No pressure, but when you do get it working it would be great to get that at least briefly documented, either here or we could commit it to the repo, for others to reference.

I will get around to that sometime, no guarantee when, by will be sure to write some documentation. I've also been meaning to improve the setup documentation as well, as I remember it being very hard to get everything set up.

Yeah, the setup is nightmareishly complex. Improvements to the docs are always welcome. Ideally we could ship a VM image but unfortunately copyright. Another reason open source is the future.

I've been using it on VMware Fusion for a couple years now. I can't remember exactly what I did, but this is just to note that it is definitely possible. I know when I set up a new laptop from scratch I had one heck of a time getting it to connect to the VM image I copied over, but I did eventually get it working again. It does freeze on restoring from sleep maybe once or twice a week, but it's pretty usable. I don't have access to outside networking from the VM. I didn't do anything fancy to connect the server and client, but I definitely had to fiddle a bunch, finally got it working, and made sure to never touch it again.
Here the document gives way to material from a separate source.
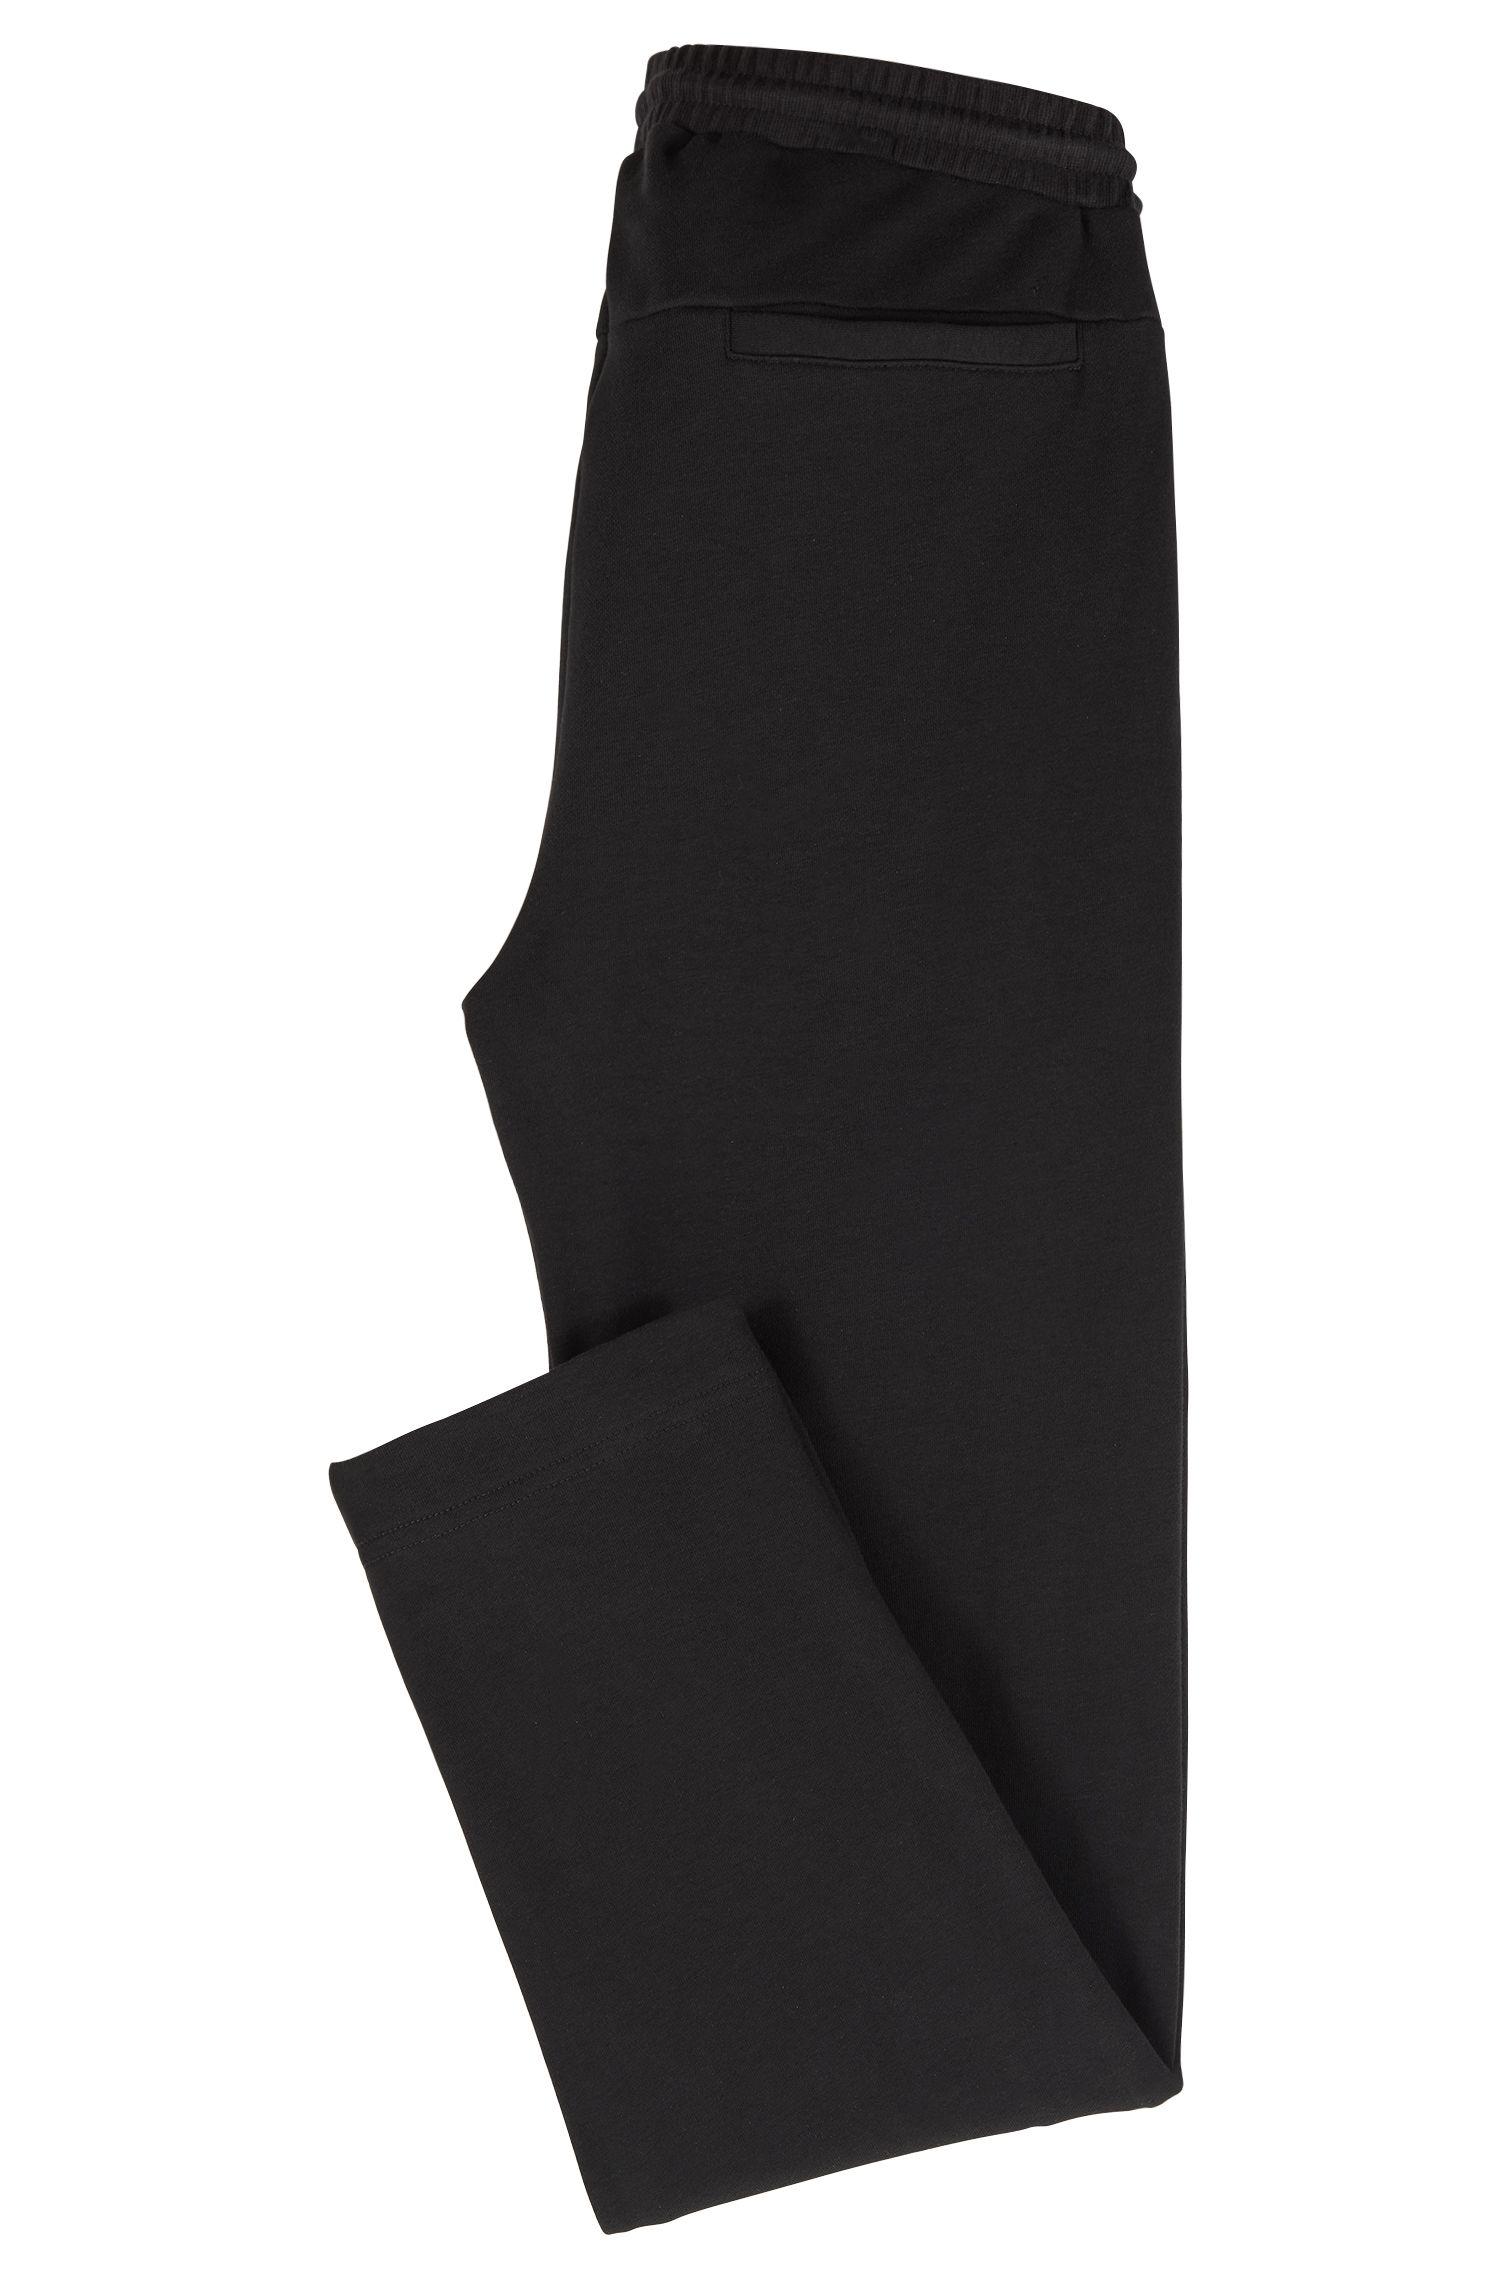 Pantalon long en molleton avec empiècements à rayures, Noir

I use QEMU/KVM and virt-manager for my Aenea setup instead of VirtualBox. I am in the process of putting together some documentation for this and should have it up in a new pull request soon. Most of the steps are the same, but there are some differences with networking, USB redirection (for the microphone) and other optional things I find useful like folder sharing between the host and guest.

@dylan-chong Admittedly I am late to commenting on this issue, but I had the same experience as you did with VirtualBox on Mac OS. It was completely unusable for me. I ended up using the _aenea.py grammar's server commands and SSH forwarding to use Aenea on my macbook from my Linux box instead. This isn't very portable of course, but it works. Did you ever come up with a solution?